WaterPad
Multi-stage water filtration systems — flow filters, ultrafiltration units, reverse osmosis — are common in health-conscious homes and offices, but they all share one problem: expensive filter cartridges ($30–$150 each) get replaced on gut feeling rather than actual consumption. Someone thinks the water tastes off and swaps a fresh filter. Someone else runs it dead without noticing.
WaterPad is a compact control panel that mounts near the tap and connects to up to three filter outputs. Press a preset button — a measured volume of water flows from the selected filter, then stops. A second button dispenses a precise amount from a different filter. Each filter has its own lifecycle counter showing remaining resource as a percentage, days since last change, and a real-time TDS or quality sensor reading at inlet and outlet.
Practical segmentation: drinking water (reverse osmosis, slowest flow) for tea and direct drinking; carbon-filtered tap for cooking pasta or filling a humidifier; raw tap for boiling.
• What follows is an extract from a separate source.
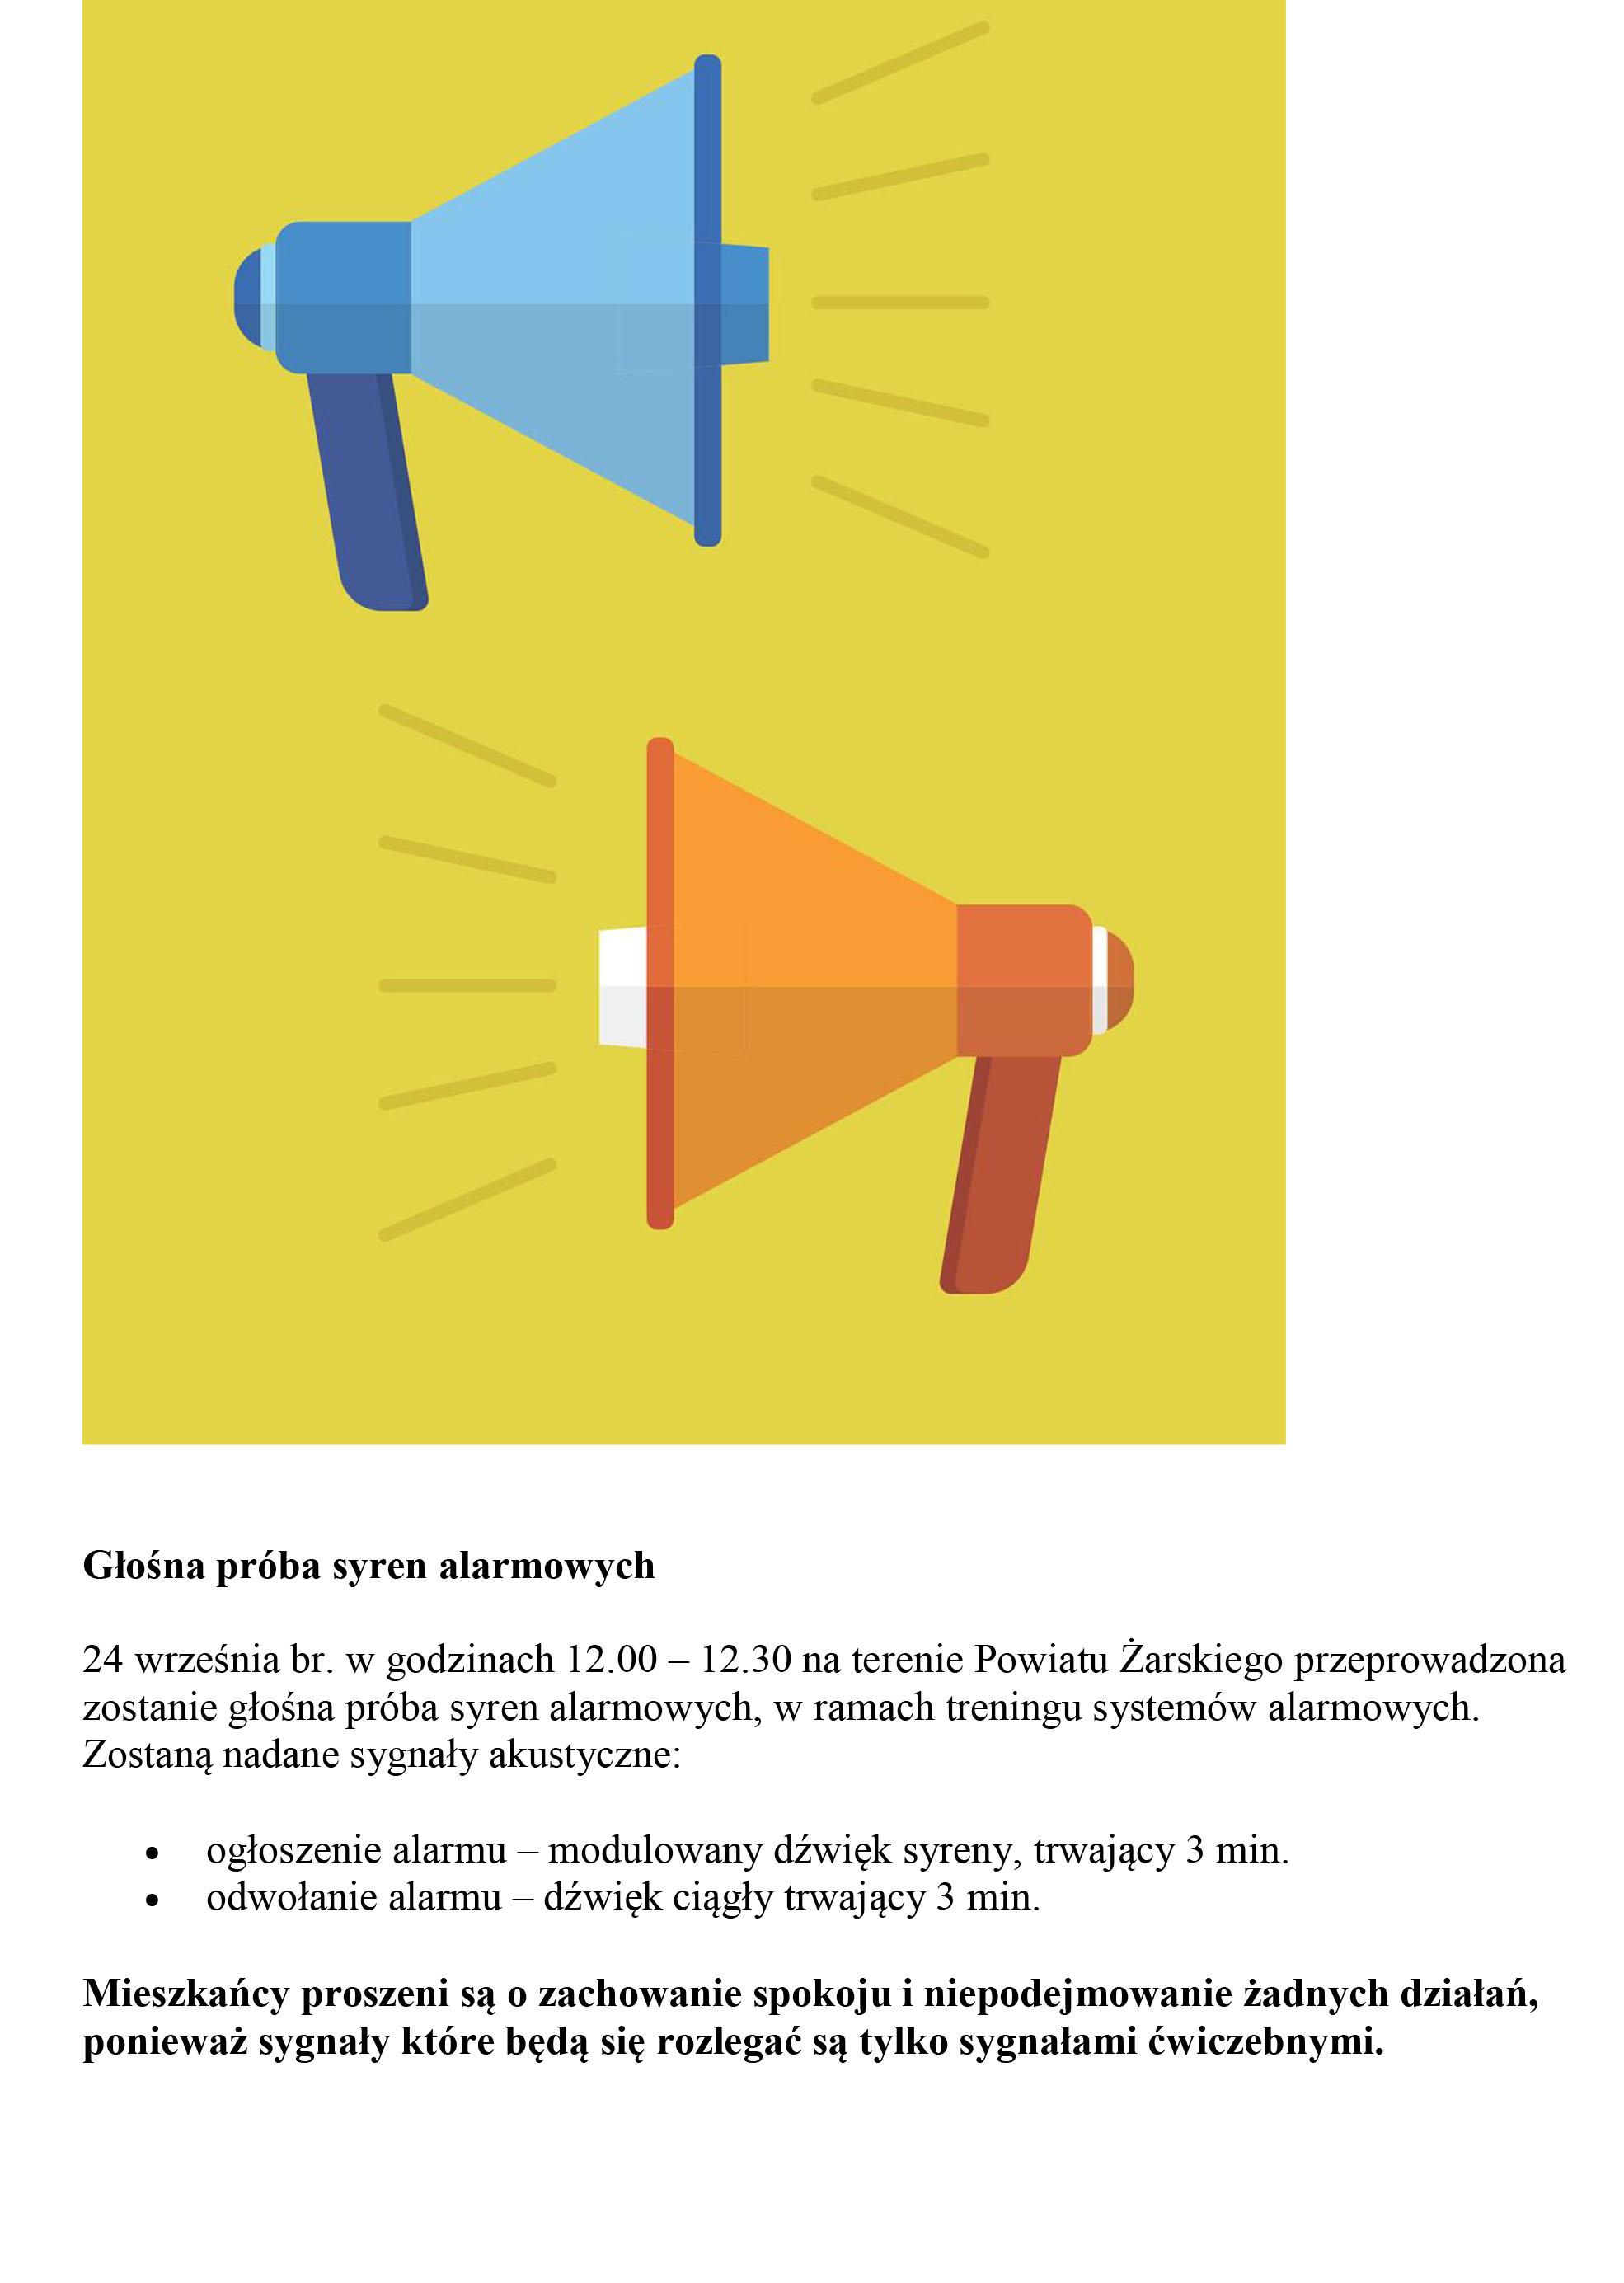 Ilustracja do informacji: Głośna próba syren

The device routes each use to the right source automatically once the preset is set.
Form factor is the project’s differentiator. Target profile: compact puck or blade, flush-mount on a countertop or tile backsplash. Comparable to BMW iDrive in tactility — a physical encoder for volume selection, backlit segment display, no touchscreen to fog or scratch.
The prototype has been in daily use in our office for two years, covering the espresso machine reservoir, drinking cups, and a humidifier. Circuit board and firmware are stable. The remaining investment is industrial design, injection moulding tooling, and a small production run for a Kickstarter or direct builder/developer channel.